◆ Exercise goal:
Keep the pictures out. Copy every line of the listing exactly.

◆ Provided data:
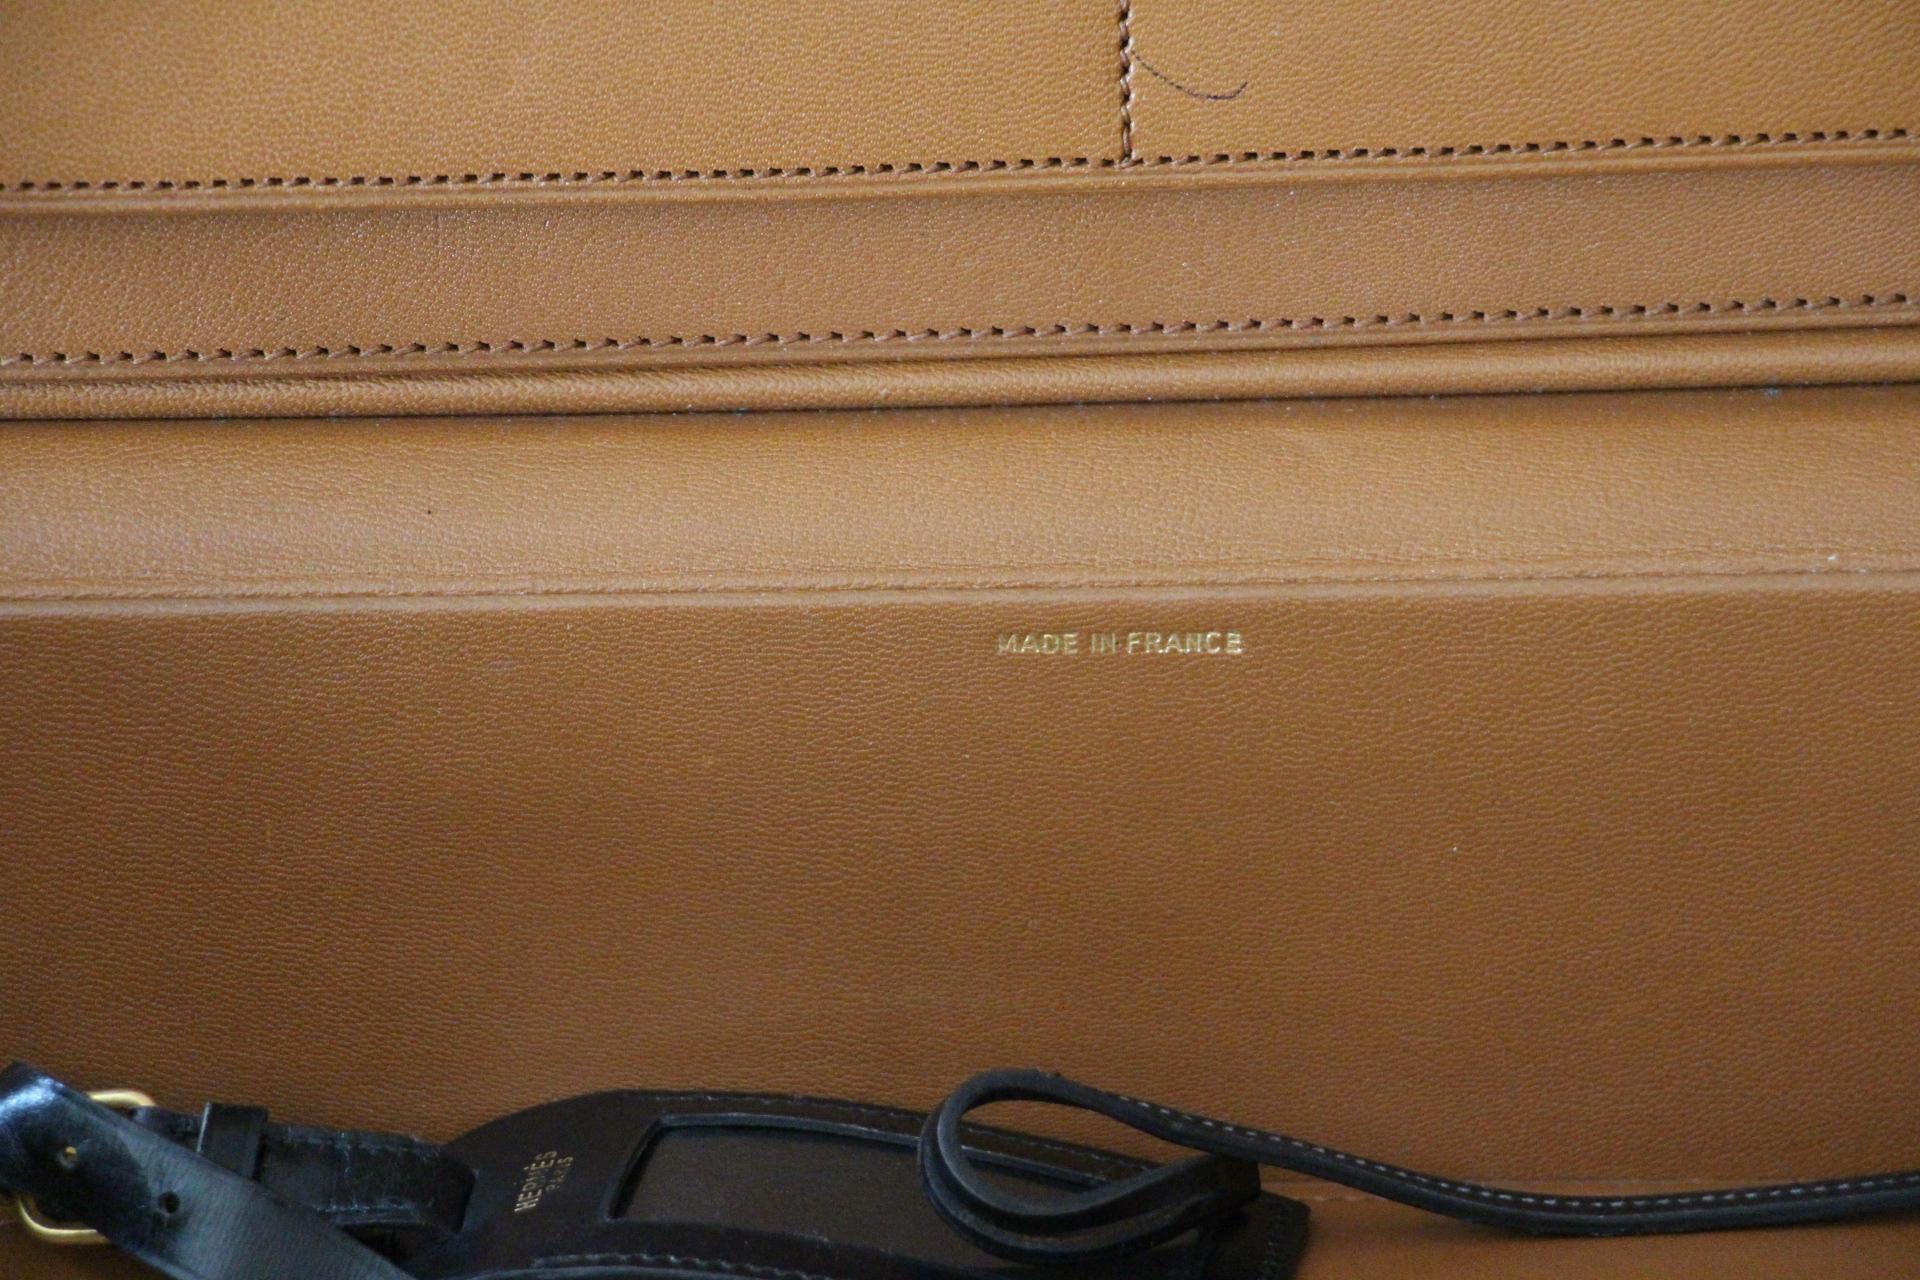 Hermès Black Leather Briefcase, Hermes Attache, Hermes Bag 13
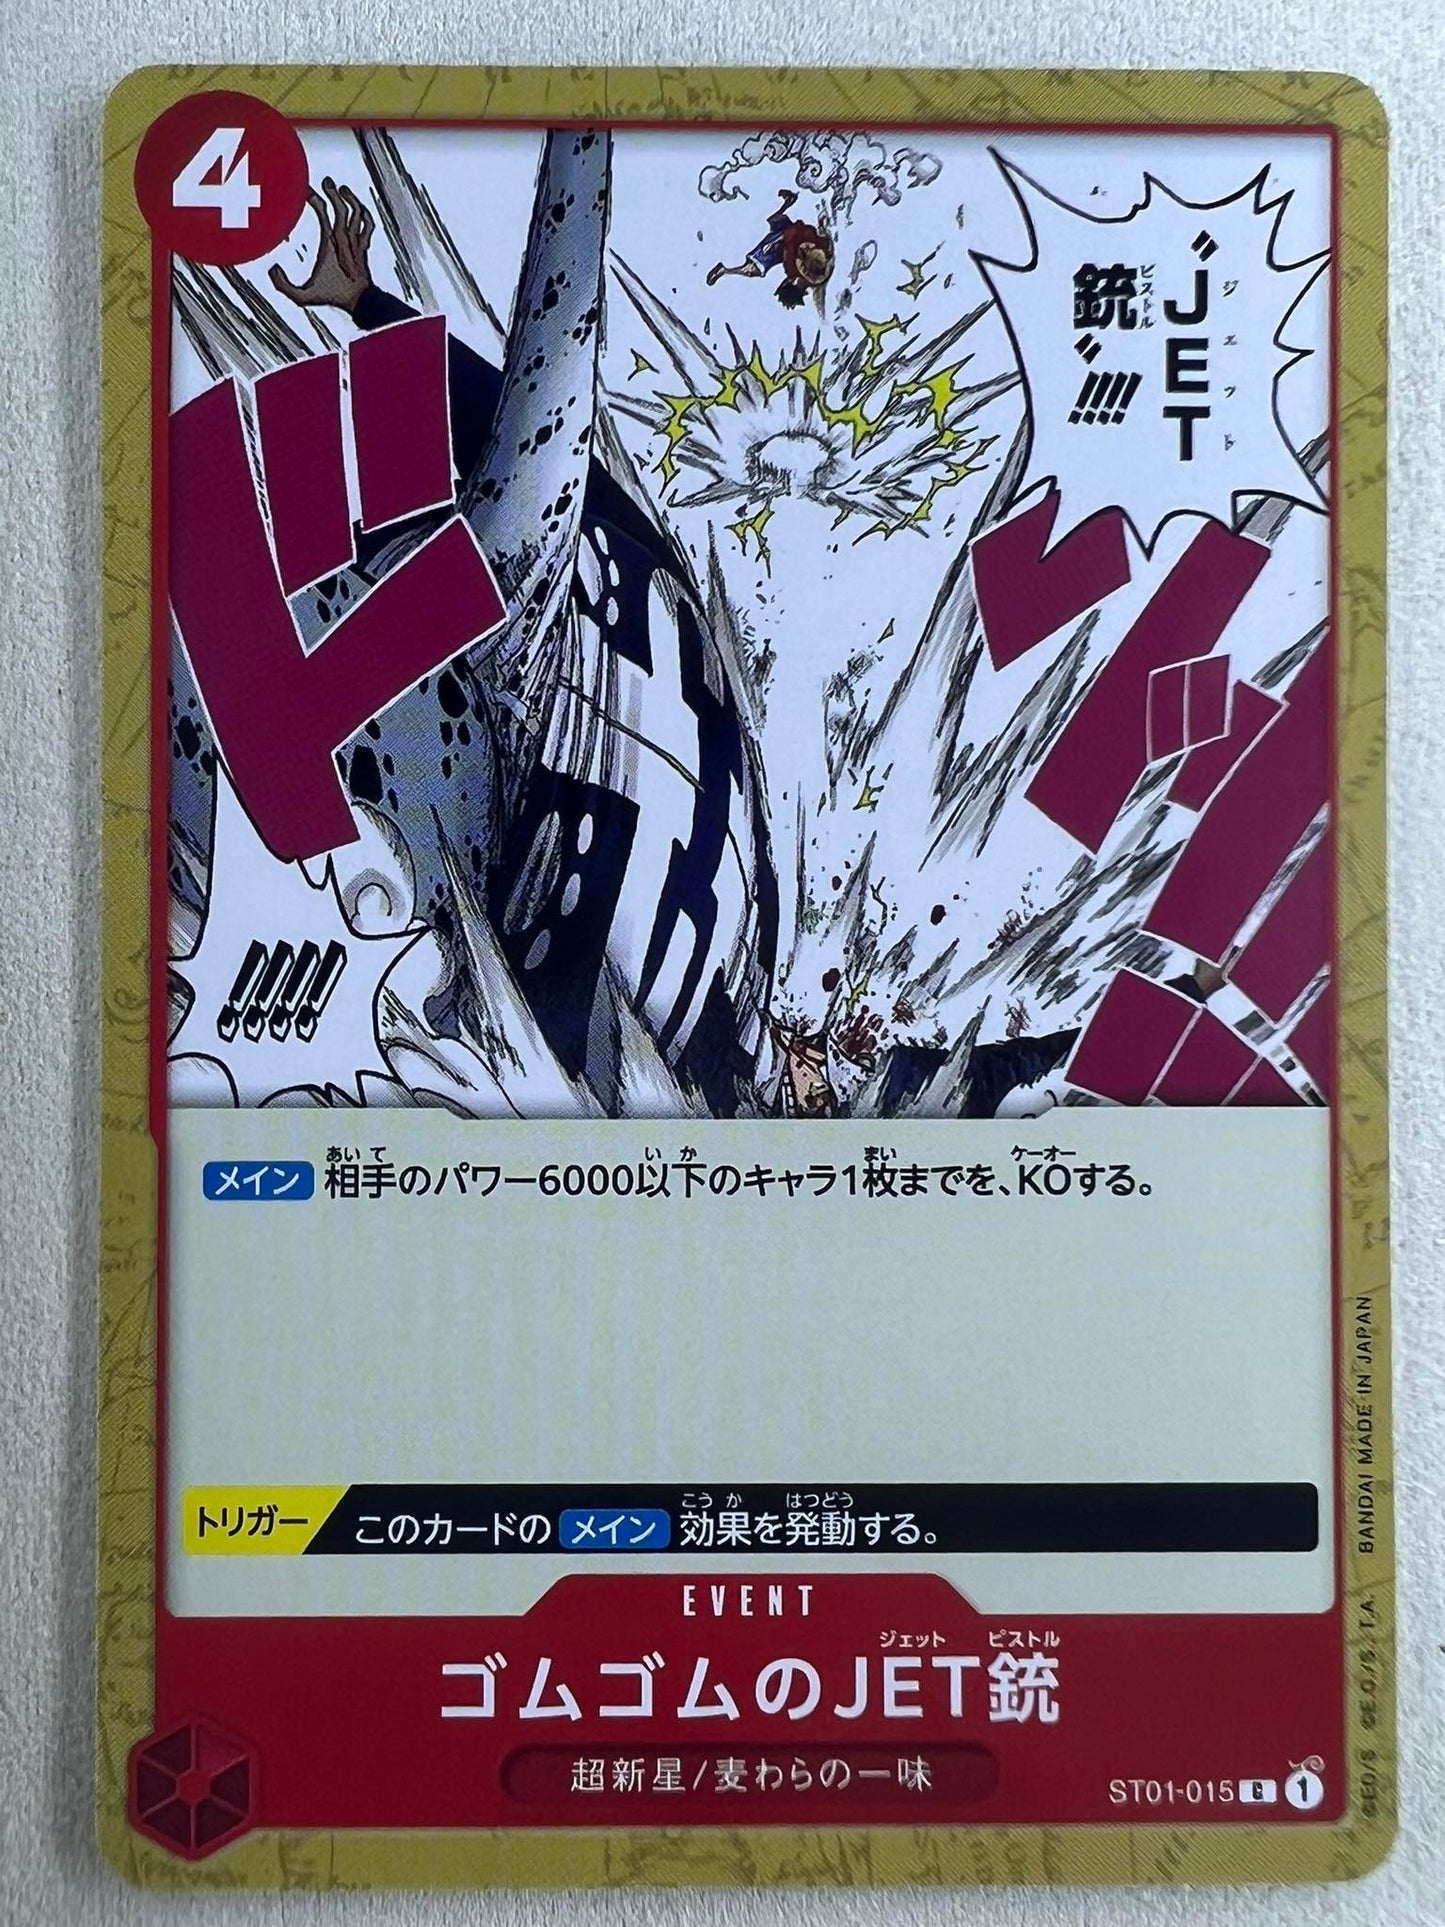 ST01-015 Gum Gum Jet Pistol C – One Piece Trading Card Game
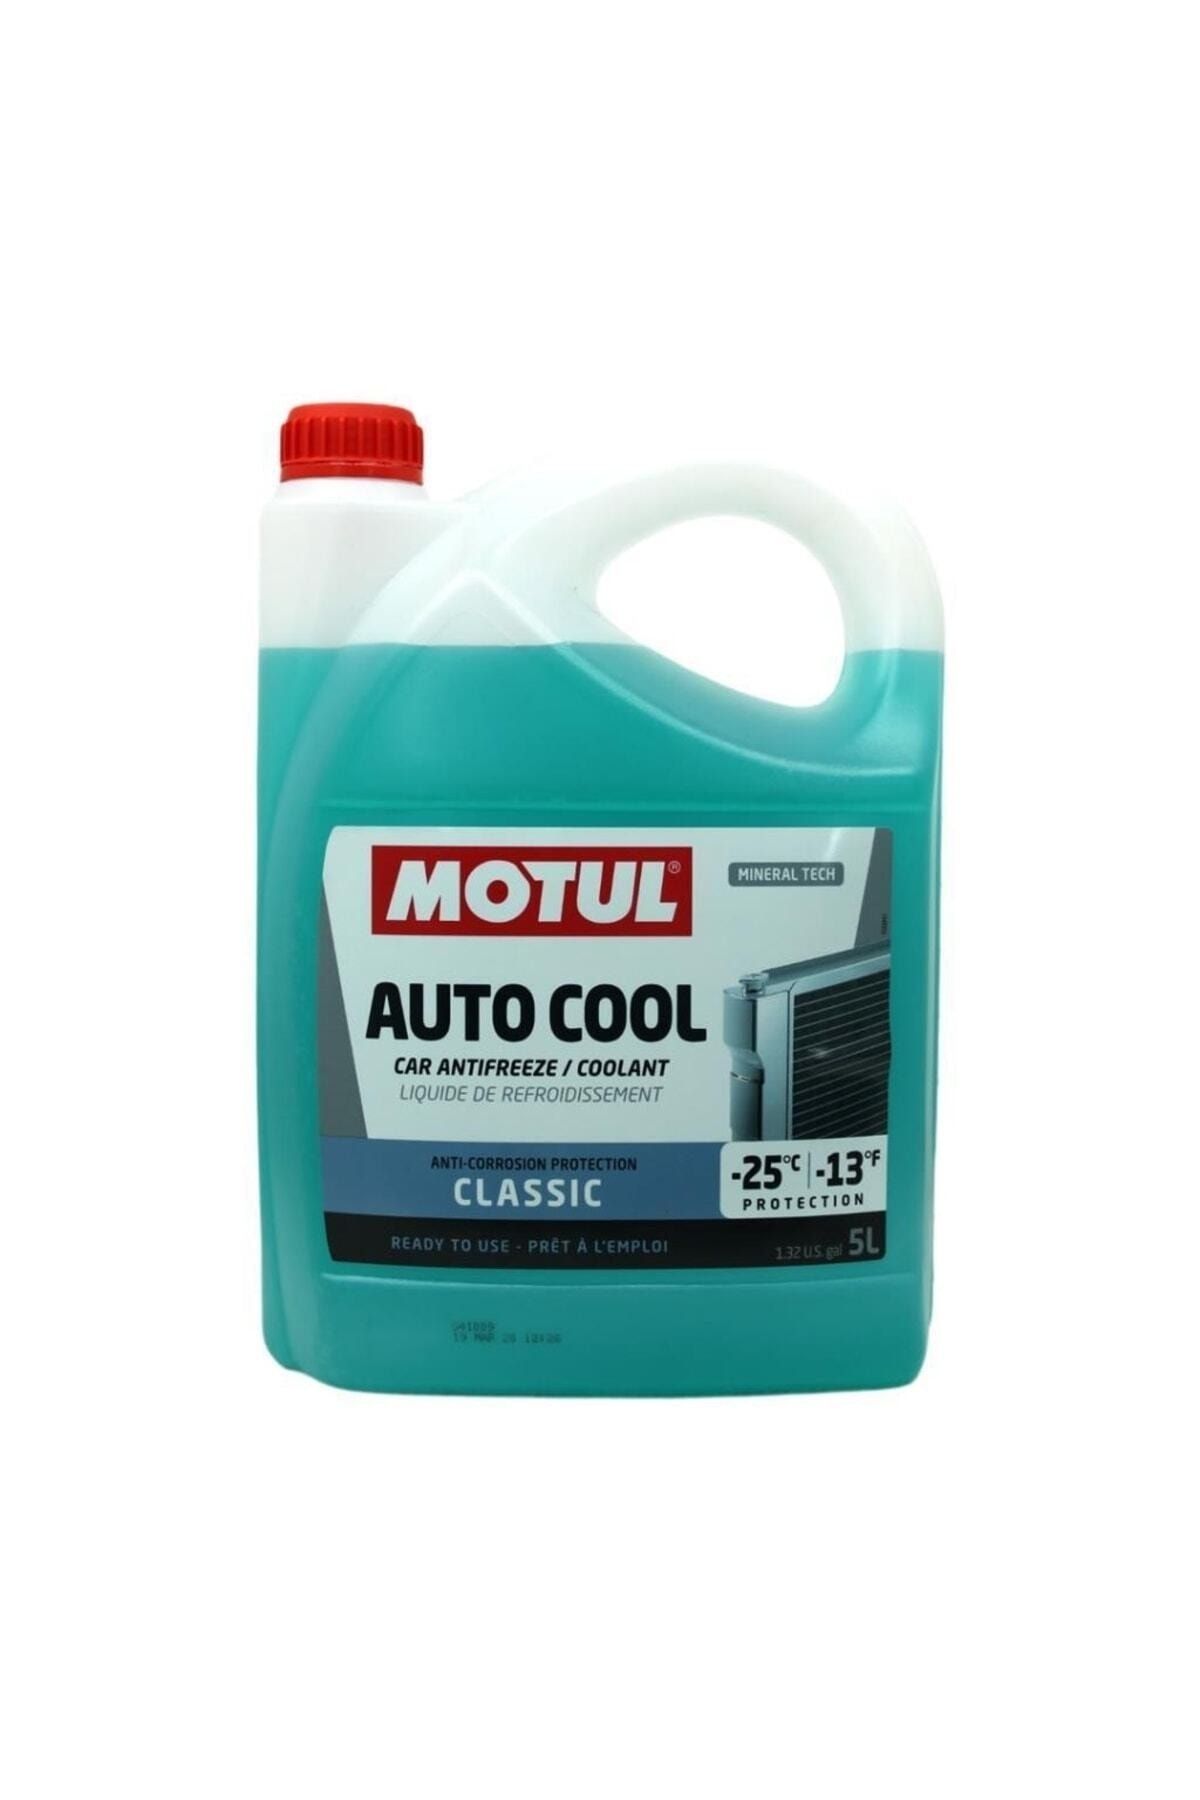 Motul Auto Cool Classic -25°c Antifriz 5 Lt (INUGEL CLASSİC)

◆ Answer:
 Hermès Black Leather Briefcase, Hermes Attache, Hermes Bag 13
 ST01-015 Gum Gum Jet Pistol C – One Piece Trading Card Game
 Motul Auto Cool Classic -25°c Antifriz 5 Lt (INUGEL CLASSİC)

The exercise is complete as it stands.